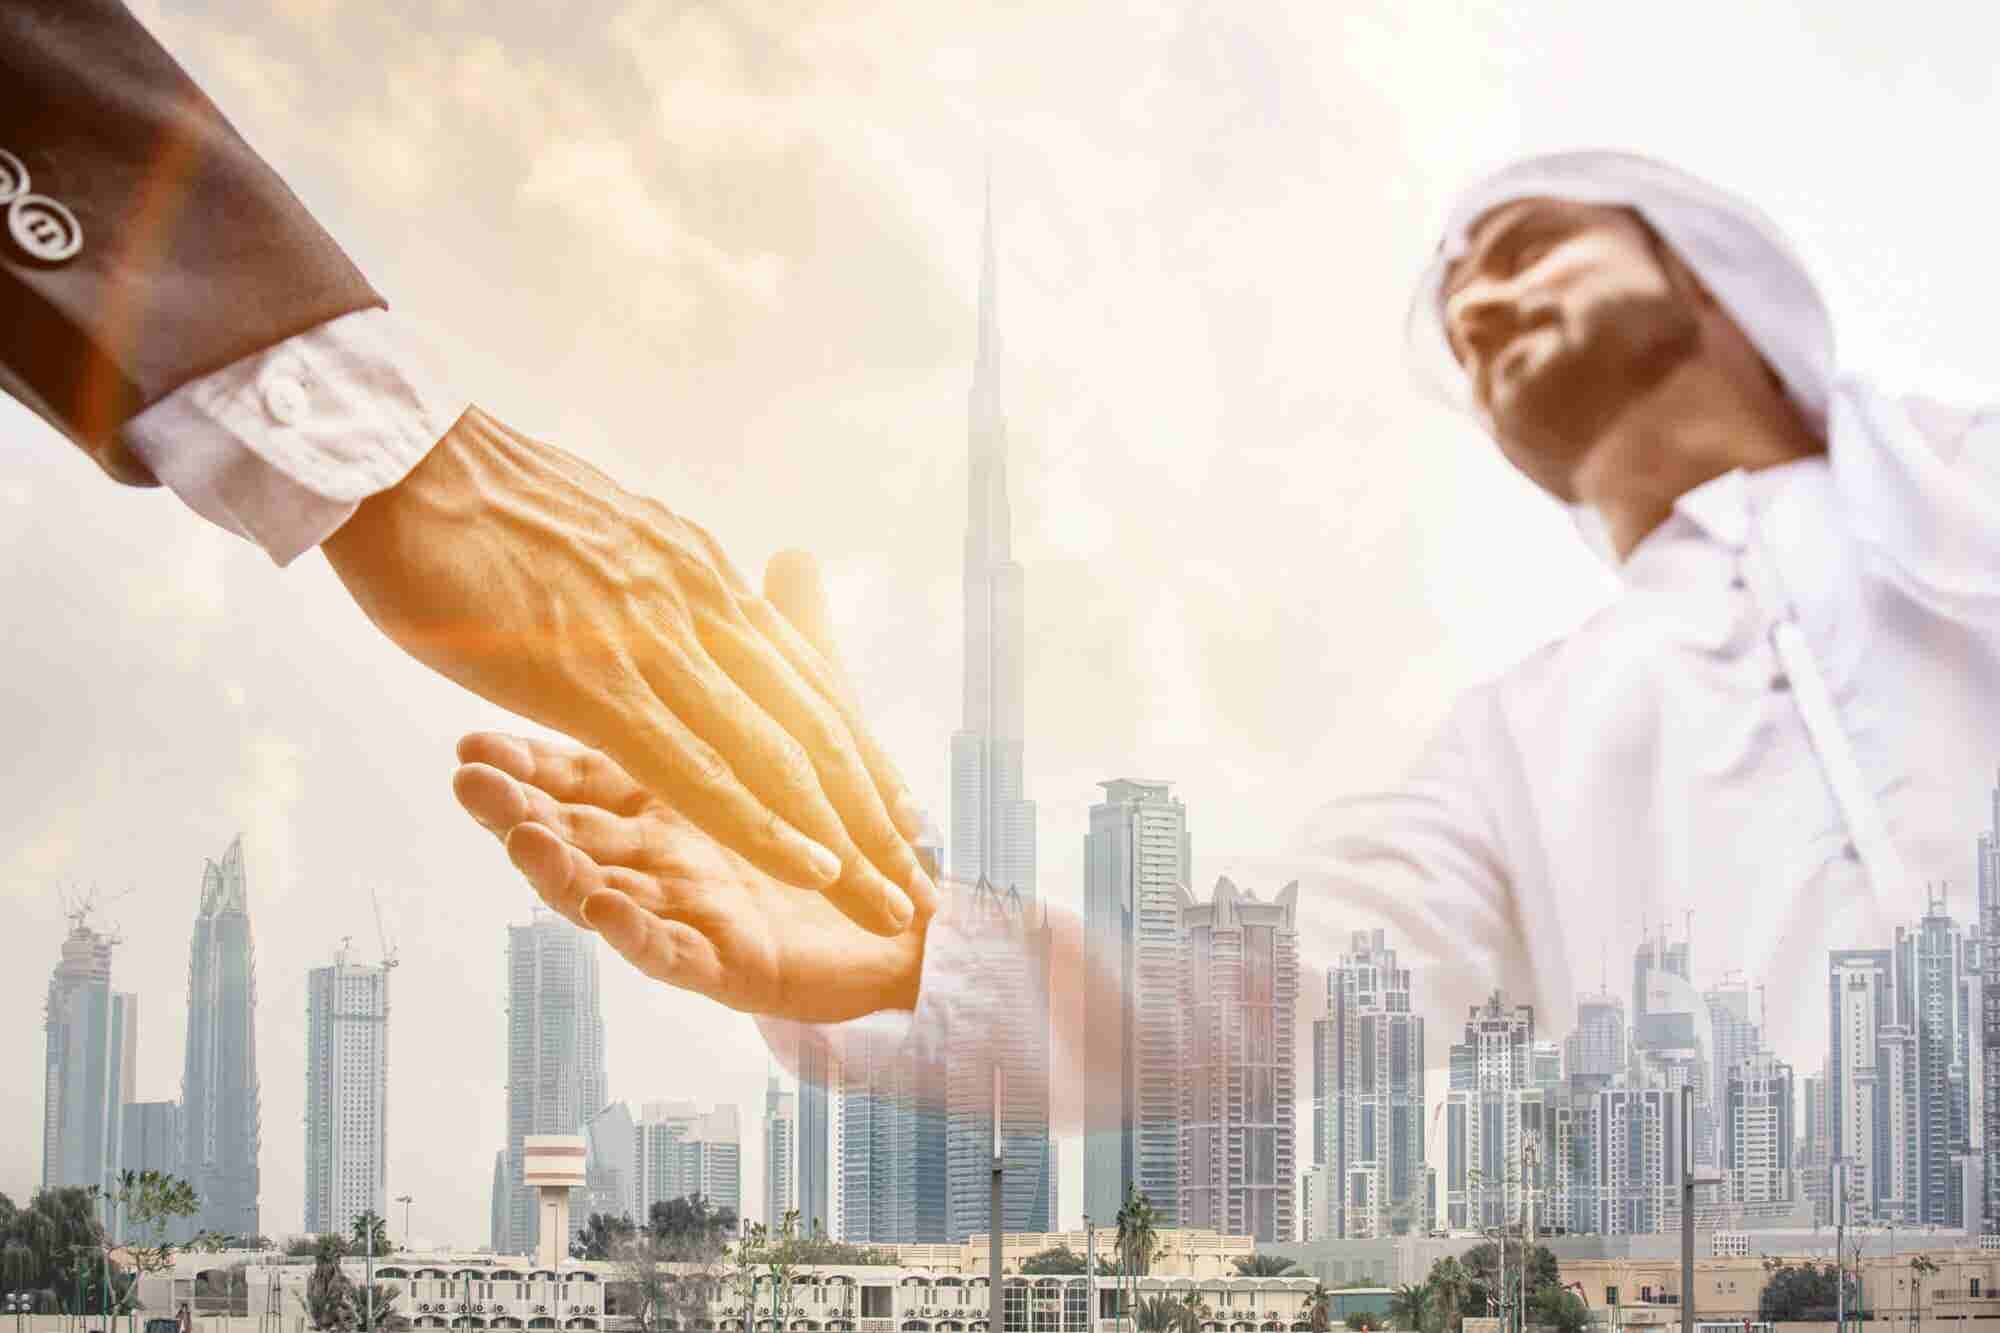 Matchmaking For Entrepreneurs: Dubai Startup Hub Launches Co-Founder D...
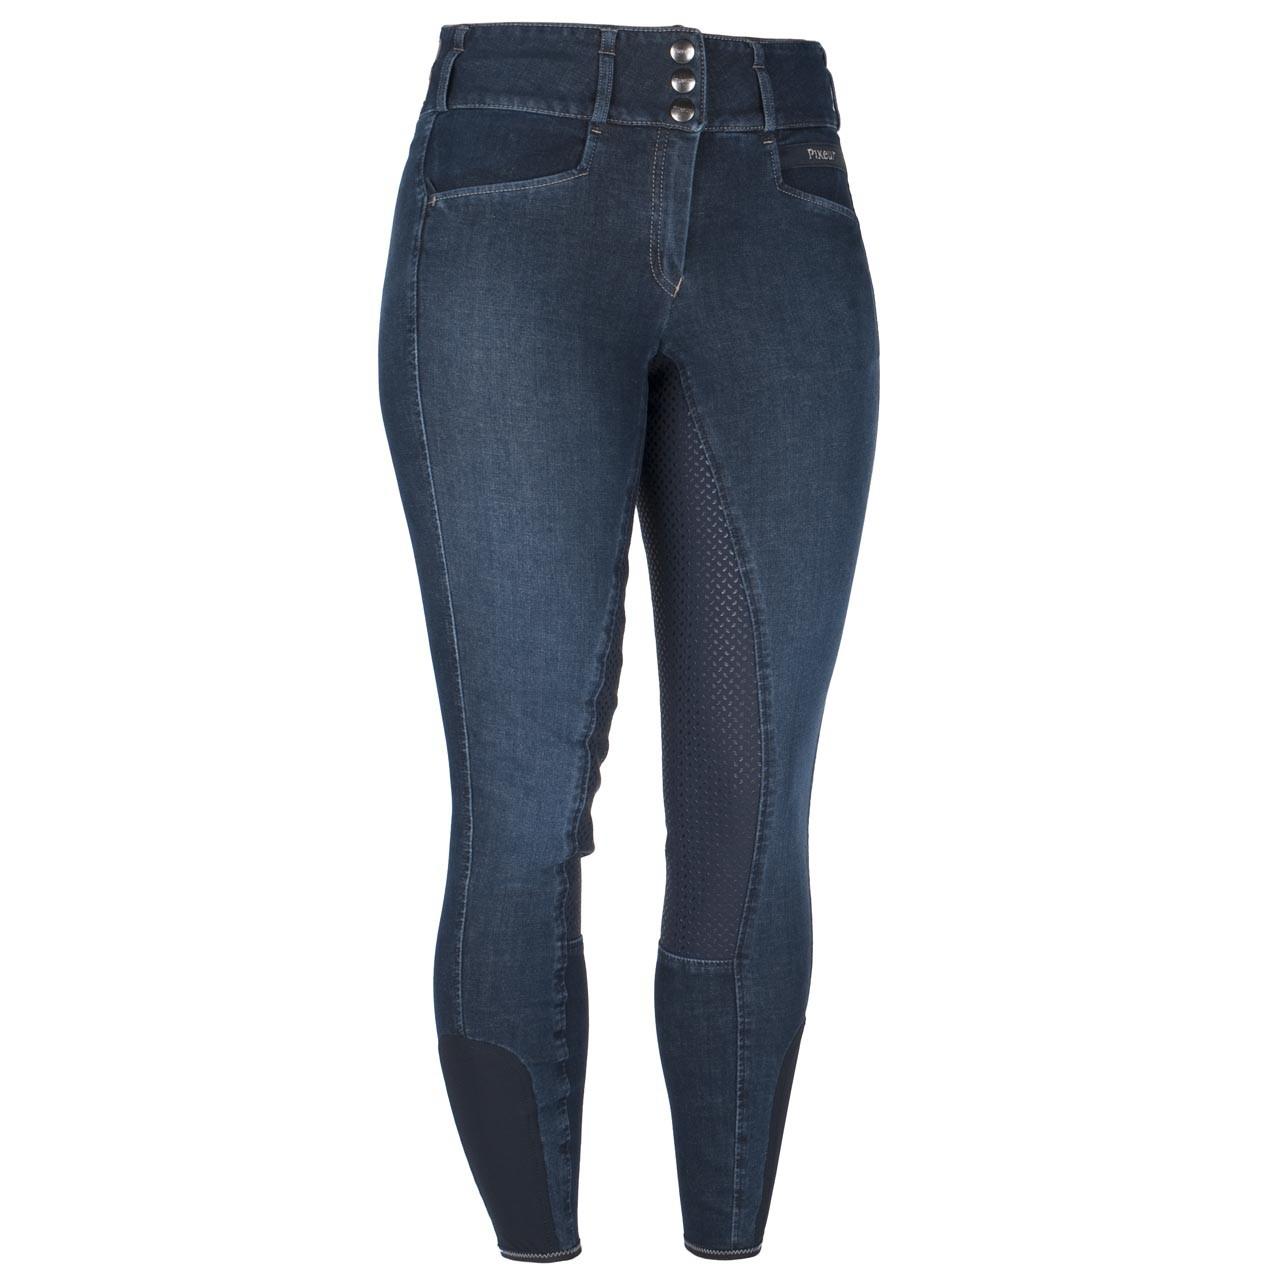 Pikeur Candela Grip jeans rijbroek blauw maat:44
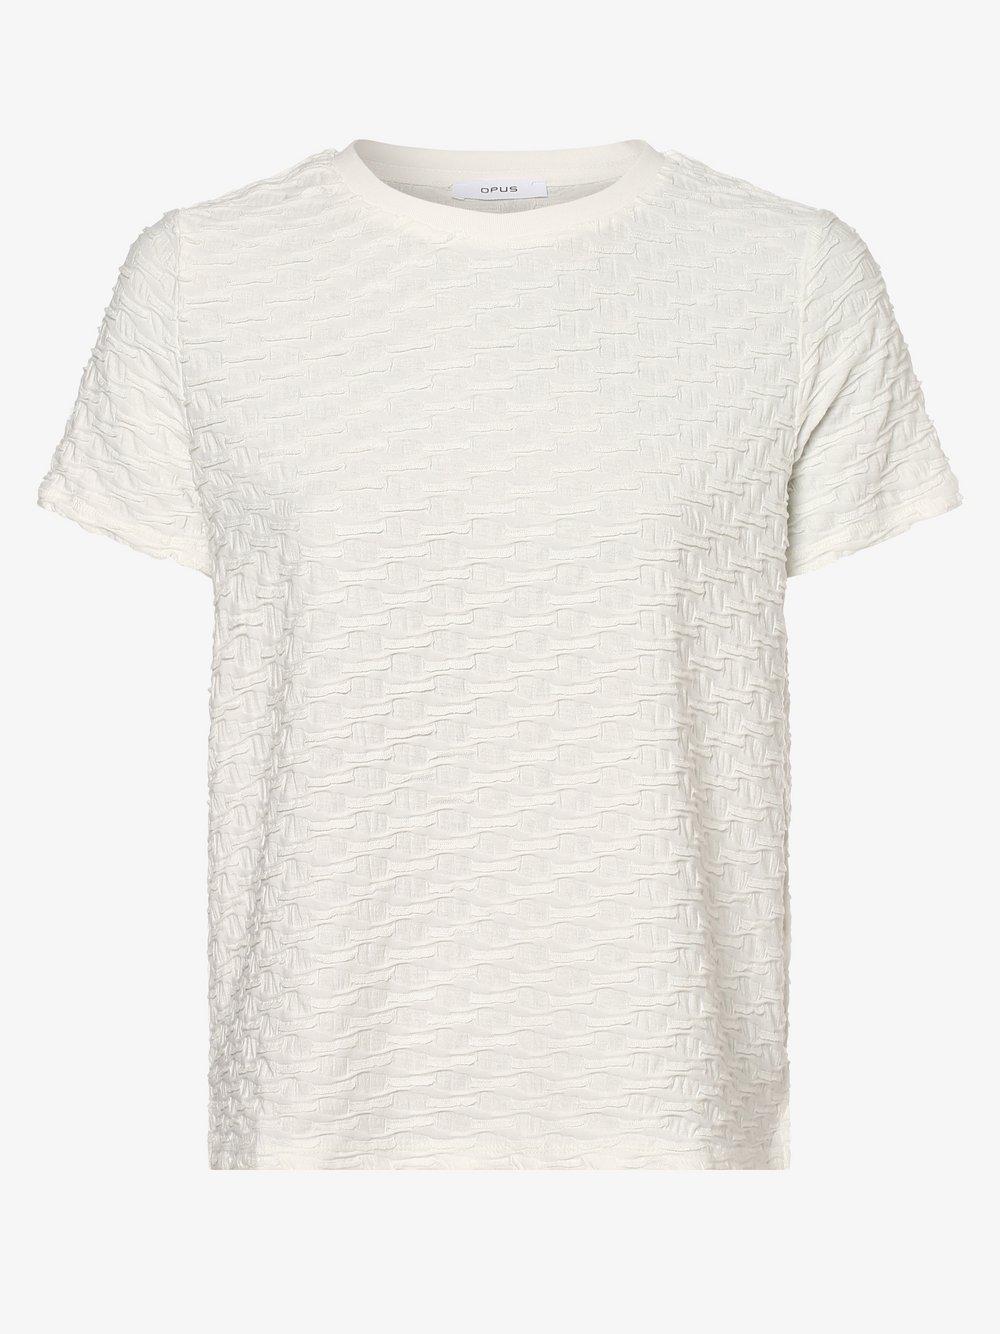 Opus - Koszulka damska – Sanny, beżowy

→ PROBLEM REQUIREMENTS
Set aside the pictures. Then return every line of the material above verbatim.

→ ANSWER BOX
 Matchmaking For Entrepreneurs: Dubai Startup Hub Launches Co-Founder D...
 Pikeur Candela Grip jeans rijbroek blauw maat:44
 Opus - Koszulka damska – Sanny, beżowy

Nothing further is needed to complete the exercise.